Are you saying that maybe no one would have thought of using RL on language models, and so we could have gotten a way with a world where we used AI inefficiently because we didn’t think of better ideas? In my view (based e.g. on talking a bunch to people working at OpenAI labs prior to me working on RLHF) that was never remotely plausible outcome.
ETA: also just to be clear I think that this (the fictional strategy of developing GPT so that future AIs won’t be agents) would be a bad strategy, vulnerable to 10-100x more compelling versions of the legitimate objections being raised in the comments.

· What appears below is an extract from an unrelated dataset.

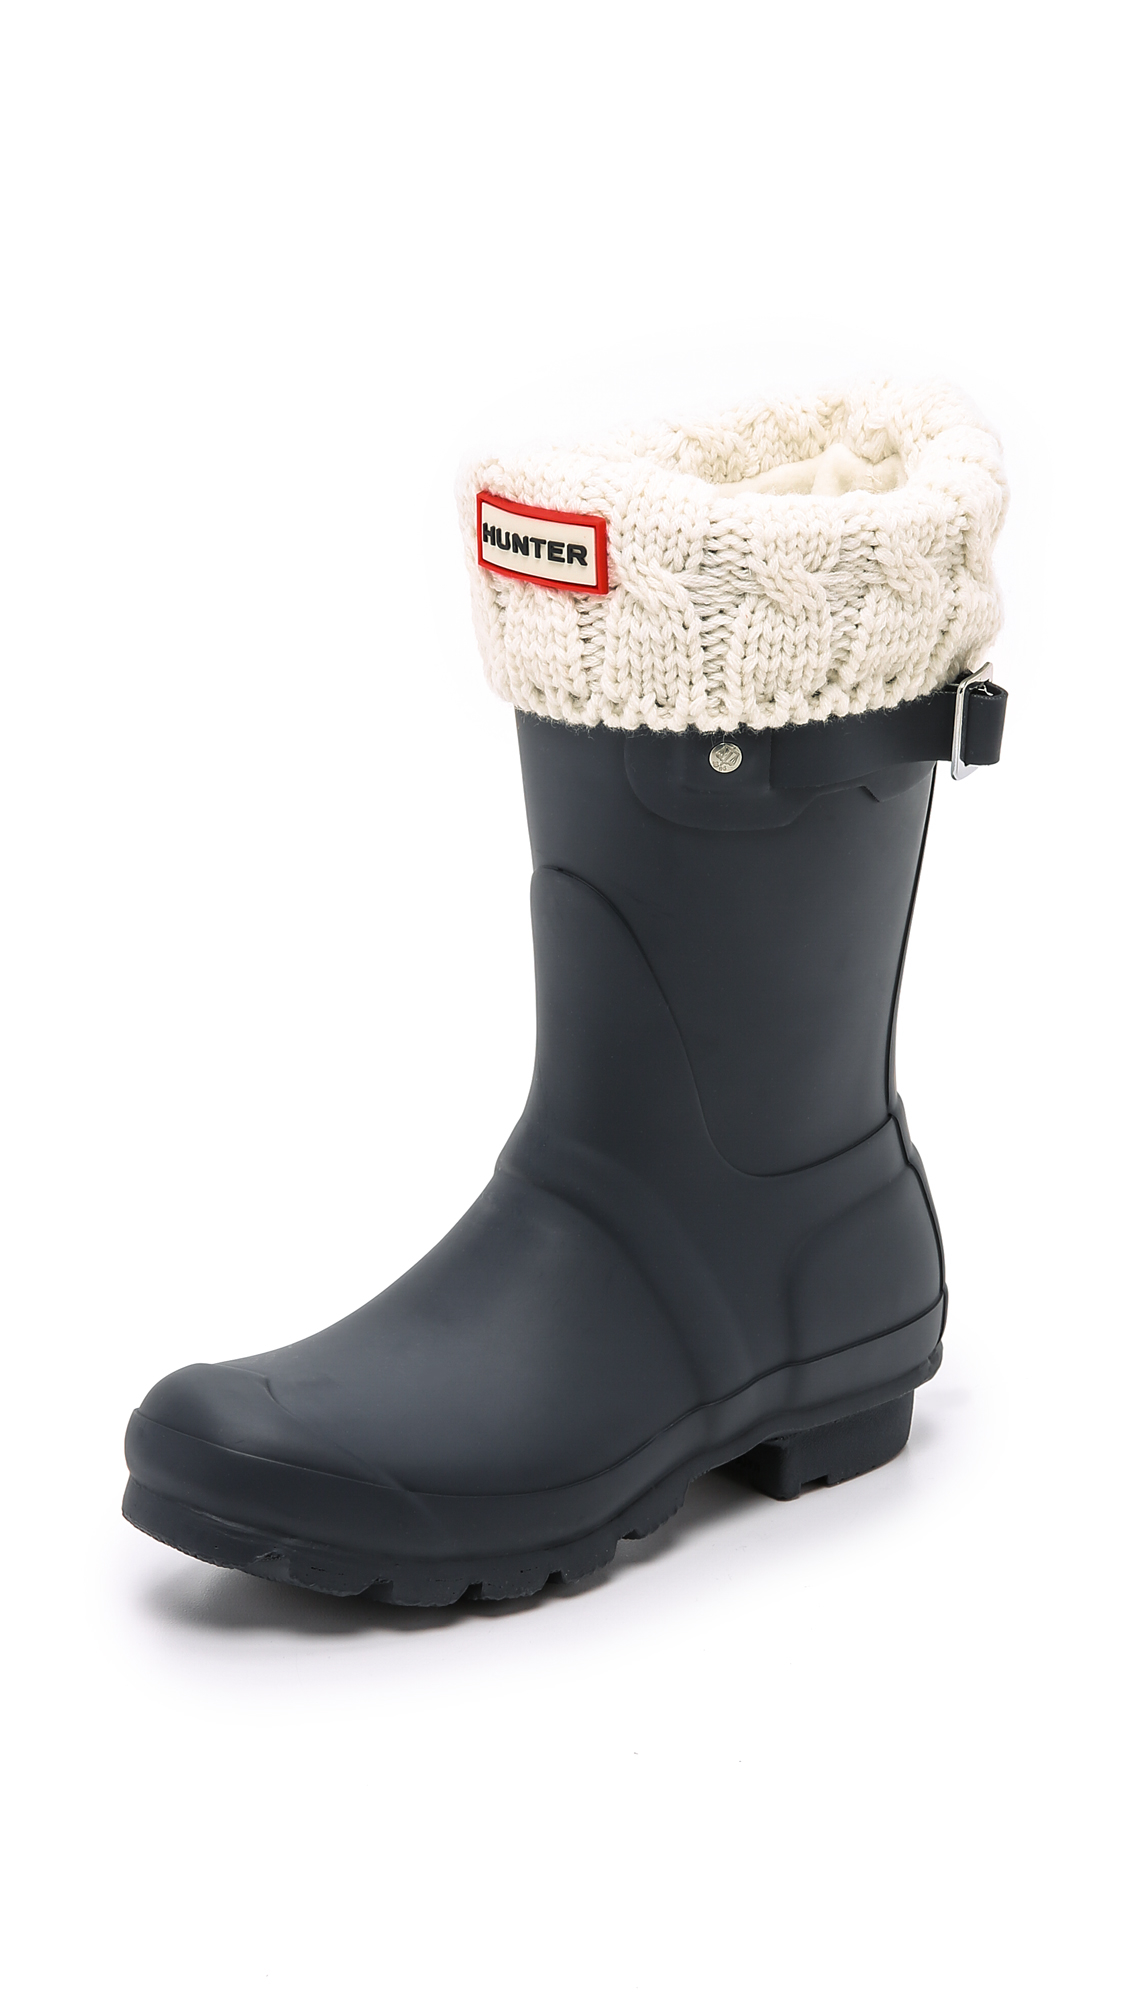 HUNTER Fleece Cable Short Boot Socks - Natural White - Lyst

Basically, I’m talking about how RLHF removed a very valuable property called myopia. If you had myopia by default, like say the GPT series of simulators, then you just had to apply the appropriate decision theory like LCDT, and the GPT series of simulators could do something like HCH or IDA on real life. But RLHF removed myopia, and thus deceptive alignment and mesa optimization is possible, arguably incentivized under a non-myopic scheme. This is probably harder to solve than having a non-agentic system alignment problem.
I’ll provide a link below:
https://www.lesswrong.com/posts/yRAo2KEGWenKYZG9K/discovering-language-model-behaviors-with-model-written
Now you do mention that RLHF is more capable, and yeah that is sort of depressing that the most capable models align well with the most deceptive models.
I don’t think GPT has the sense of myopia relevant to deceptive alignment any more or less than models fine-tuned with RLHF. There are other bigger impacts of RLHF both for the quoted empirical results and for the actual probability of deceptive alignment, and I think the concept is being used in a way that is mostly incoherent.
But I was mostly objecting to the claim that RLHF ruined [the strategy]. I think even granting the contested empirics it doesn’t quite make sense to me.
Sorry to respond late, but a crux I might have here is that I see the removal of myopia and the addition of agency/non-causal decision theories as a major negative of an alignment plan by default, and without specific mechanisms of how deceptive alignment/mesa optimizers can’t arise, I expect non-myopic training to find such things.
In general, the fact that OpenAI chose RLHF made the problem quite harder, and I suspect this is an example of Goodhart’s law in action.
The Recursive Reward Modeling and debate plans could make up for this, assuming we can solve deceptive alignment. But right now, I see trouble ahead and OpenAI is probably going to be bailed out by other alignment groups.
Why should we think of base GPT as myopic, such that “non-myopic training” can remove that property? Training a policy to imitate traces of “non-myopic cognition” in the first place seems like a way to plausibly create a policy that itself has “non-myopic cognition”. But this is exactly how GPT pretraining works.
Huh, I’d not heard that, would be interested in hearing more about the thought process behind its development.
Think they could well turn out to be correct in that having systems with such a strong understanding of human concepts gives us levers we might not have had, though code-writing proficiency is a very unfortunate development.